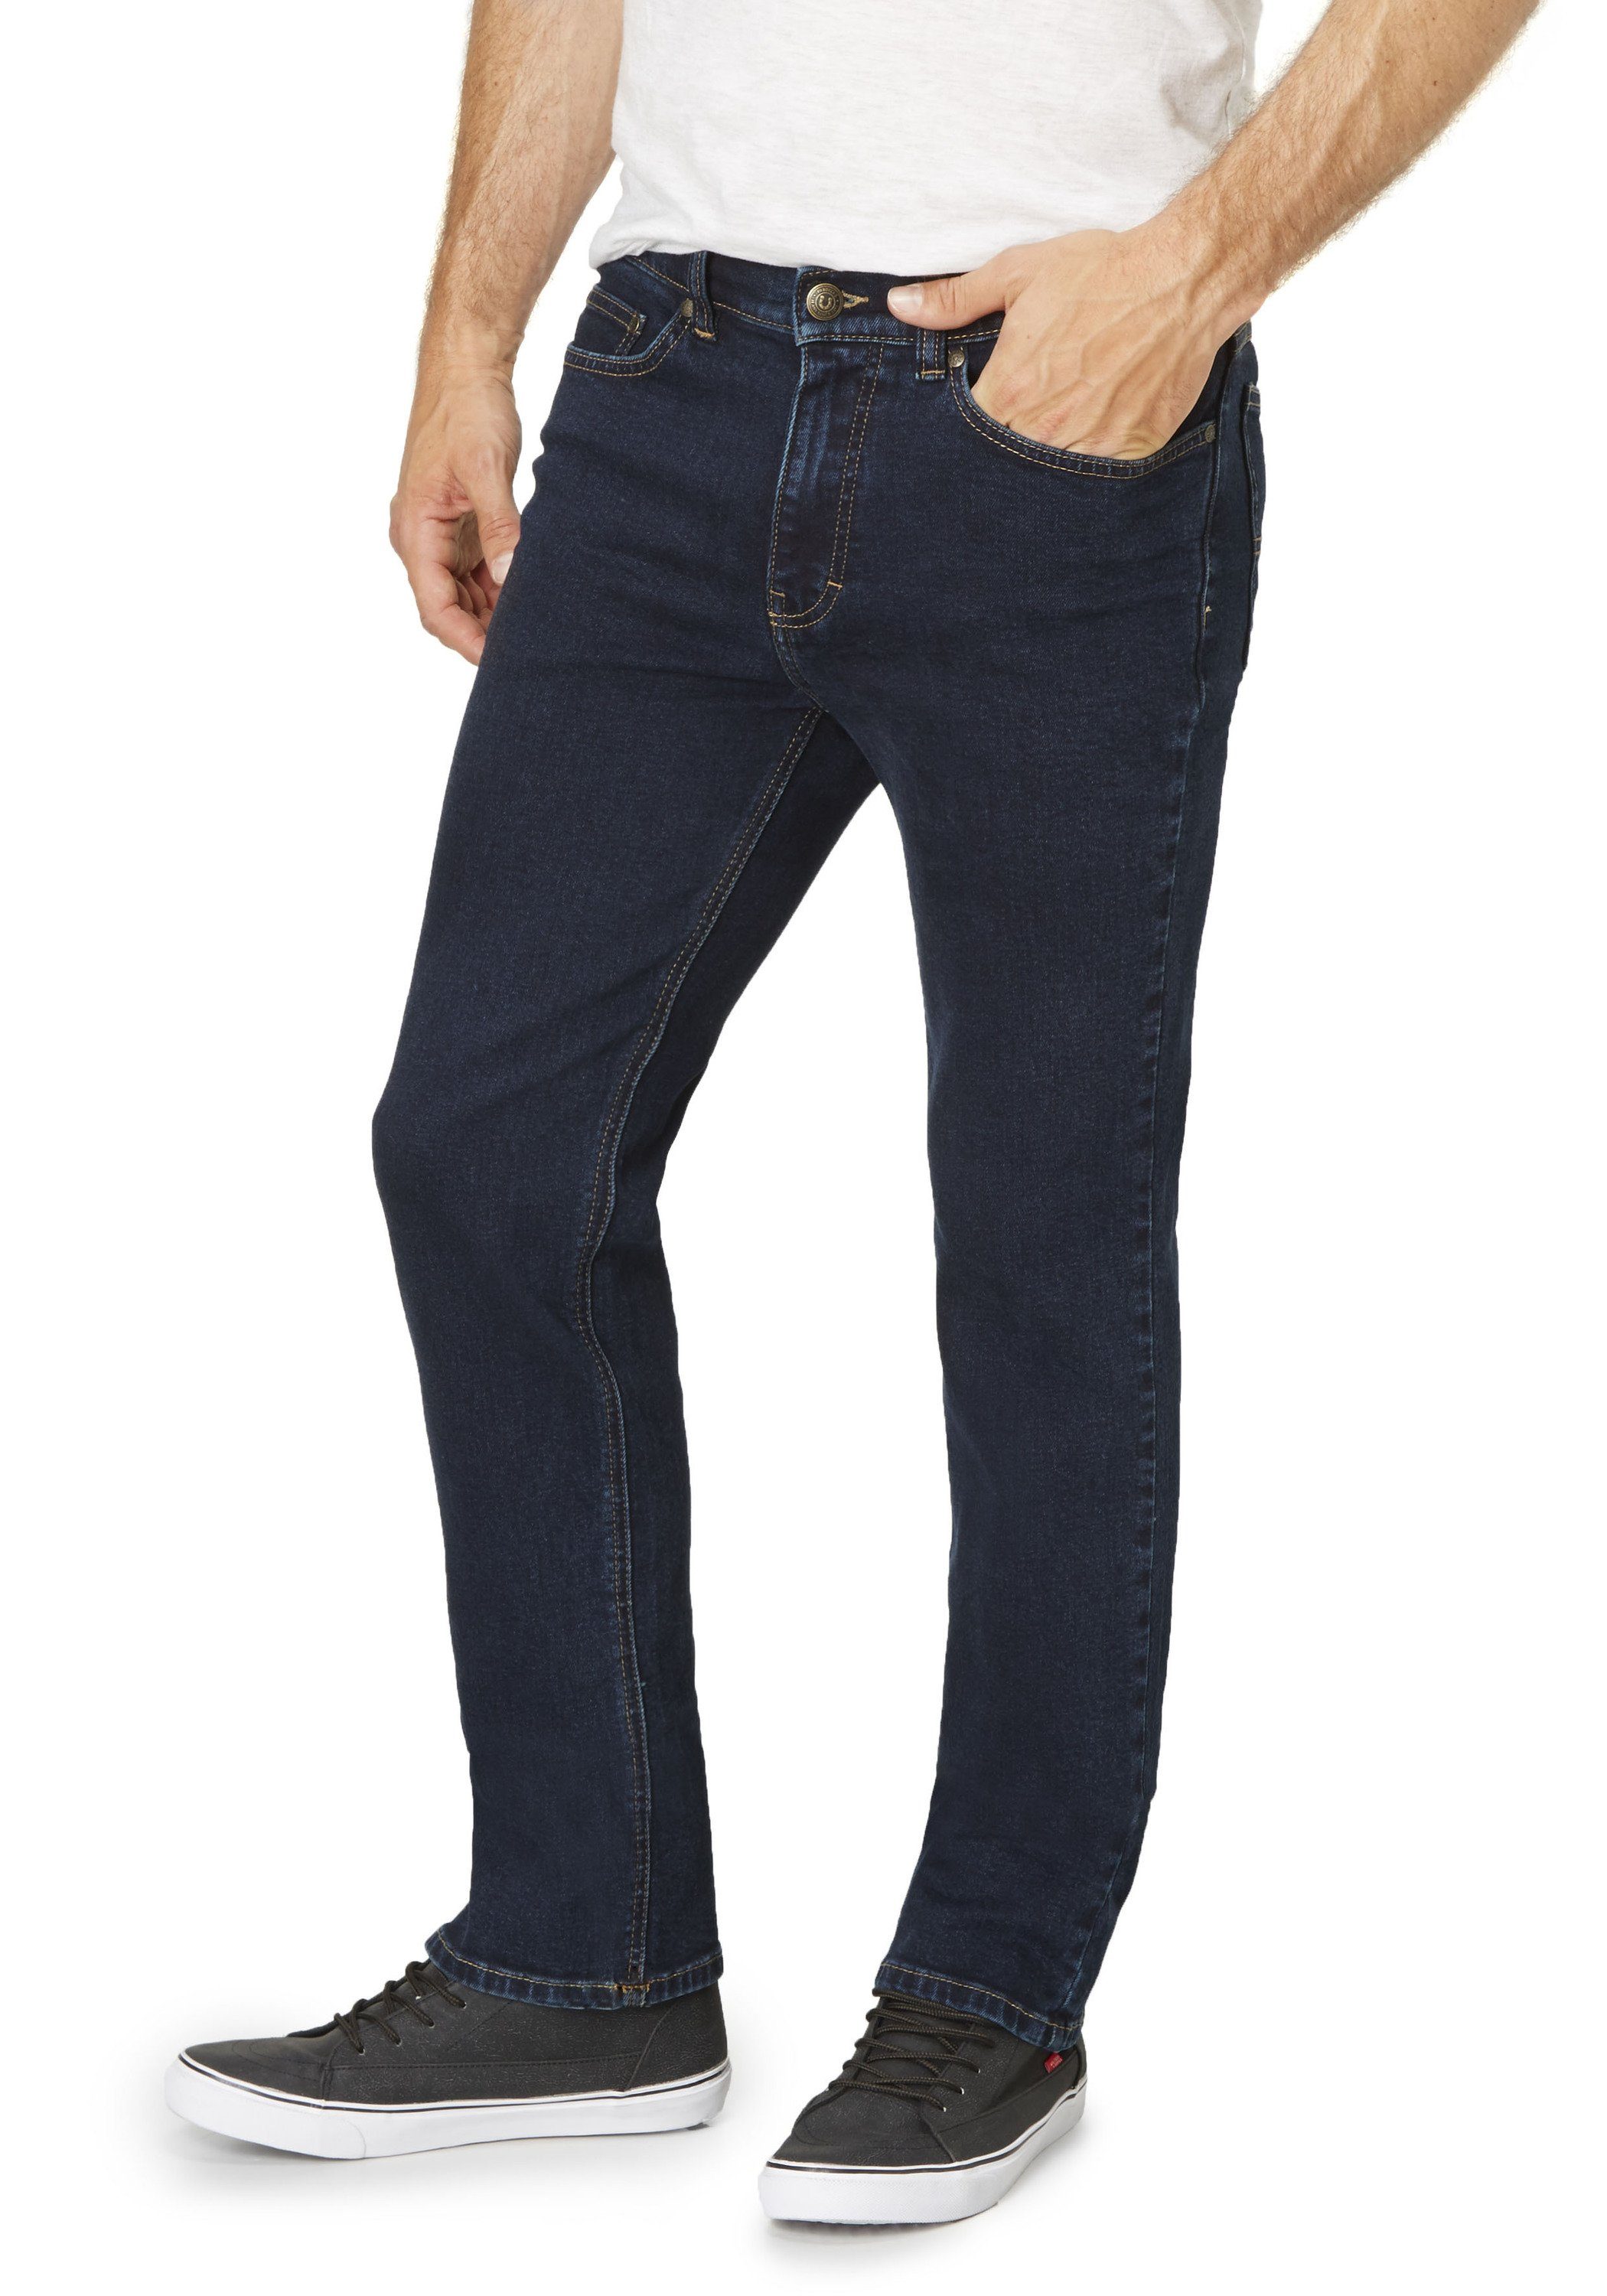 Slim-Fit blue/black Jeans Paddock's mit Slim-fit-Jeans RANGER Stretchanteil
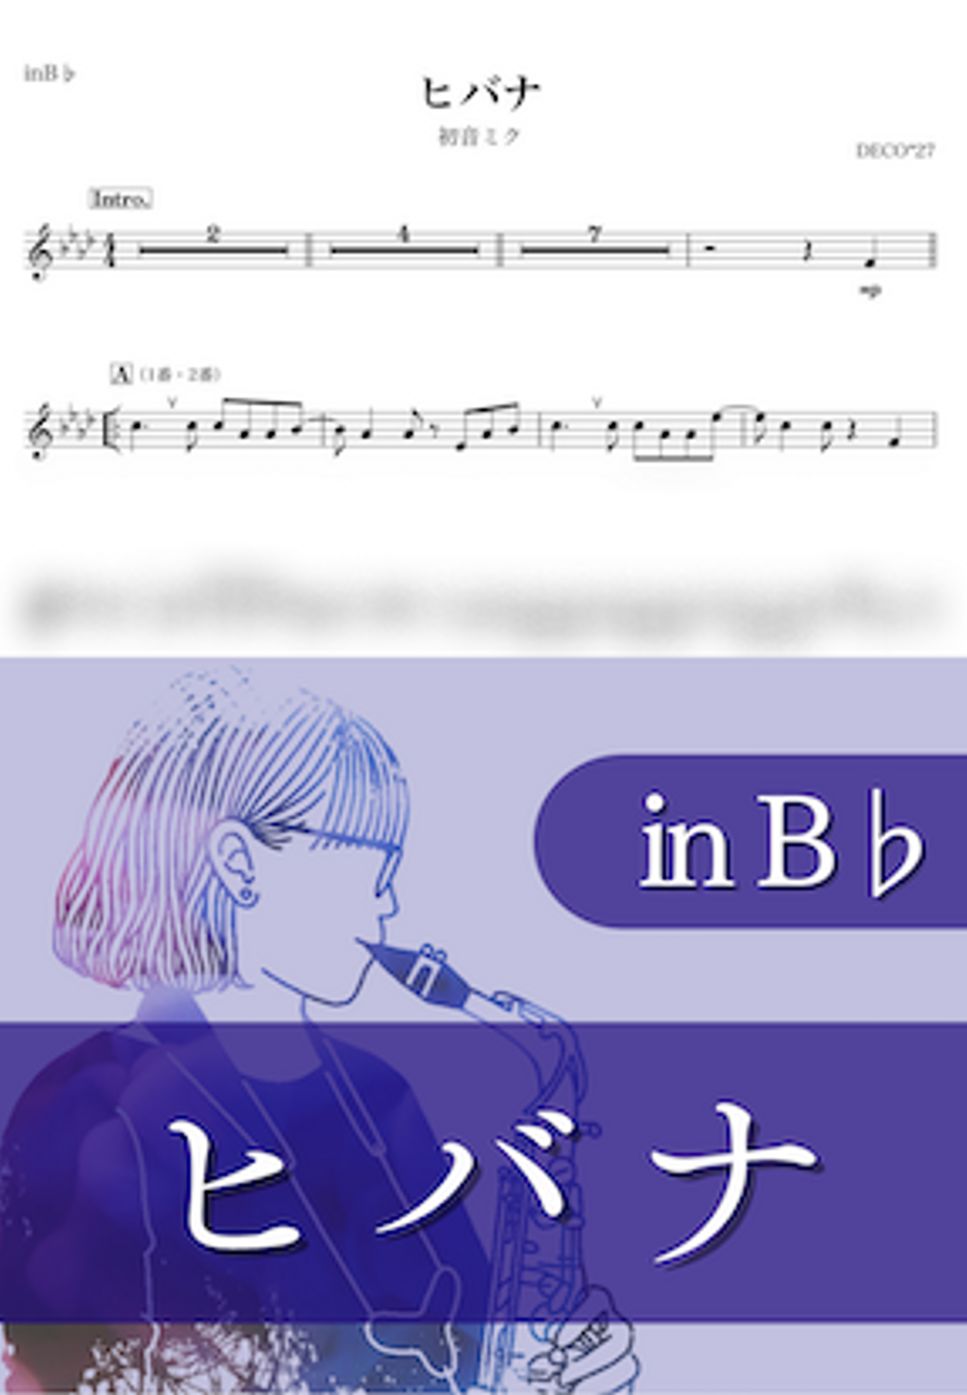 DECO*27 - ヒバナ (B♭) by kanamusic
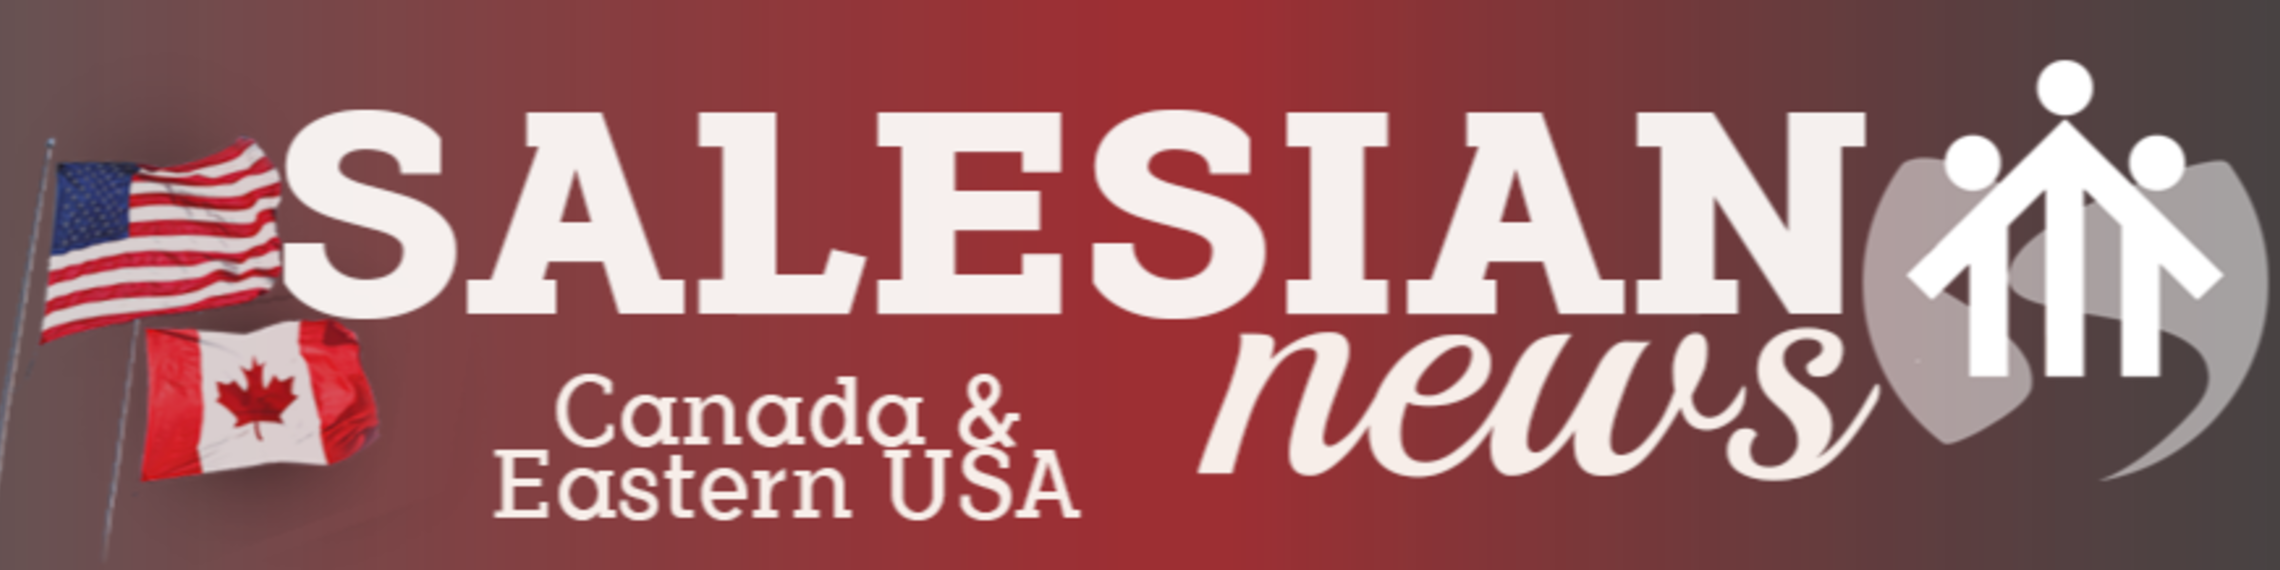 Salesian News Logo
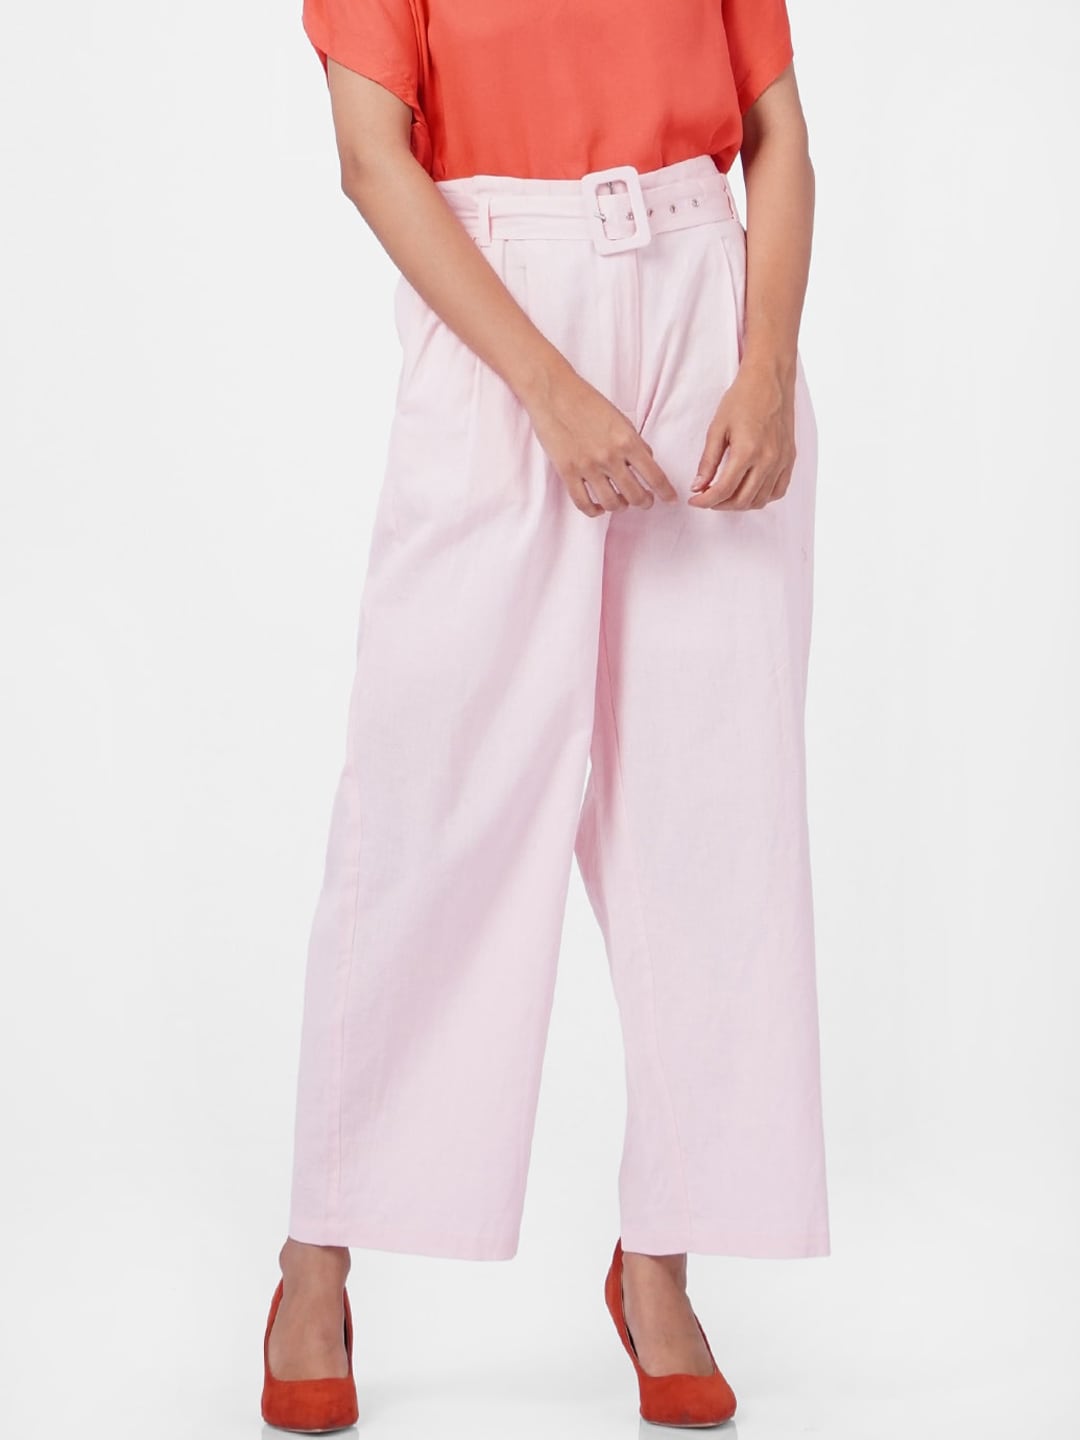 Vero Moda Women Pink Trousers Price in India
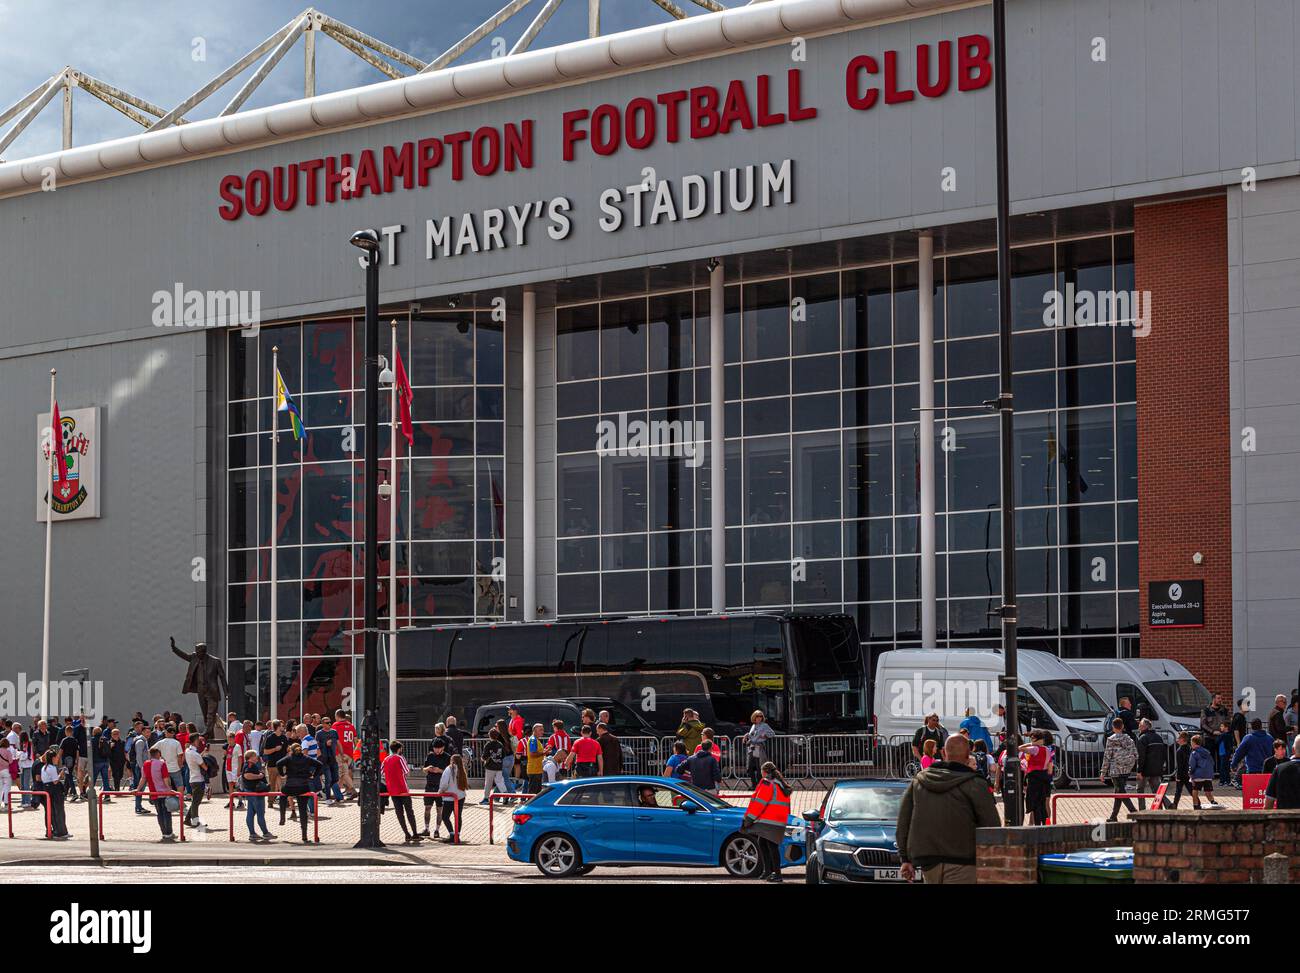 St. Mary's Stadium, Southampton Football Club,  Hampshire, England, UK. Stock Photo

——————————

◆ **WORK ORDER**: Quote every record above exactly, leaving out any pictures.

◆ **SOLUTION TO THE PROBLEM**:
 Slim-Fit blue/black Jeans Paddock's mit Slim-fit-Jeans RANGER Stretchanteil
 DECO*27 - ヒバナ (B♭) by kanamusic
 Salesian News Logo
 Vero Moda Women Pink Trousers Price in India
 St. Mary's Stadium, Southampton Football Club,  Hampshire, England, UK. Stock Photo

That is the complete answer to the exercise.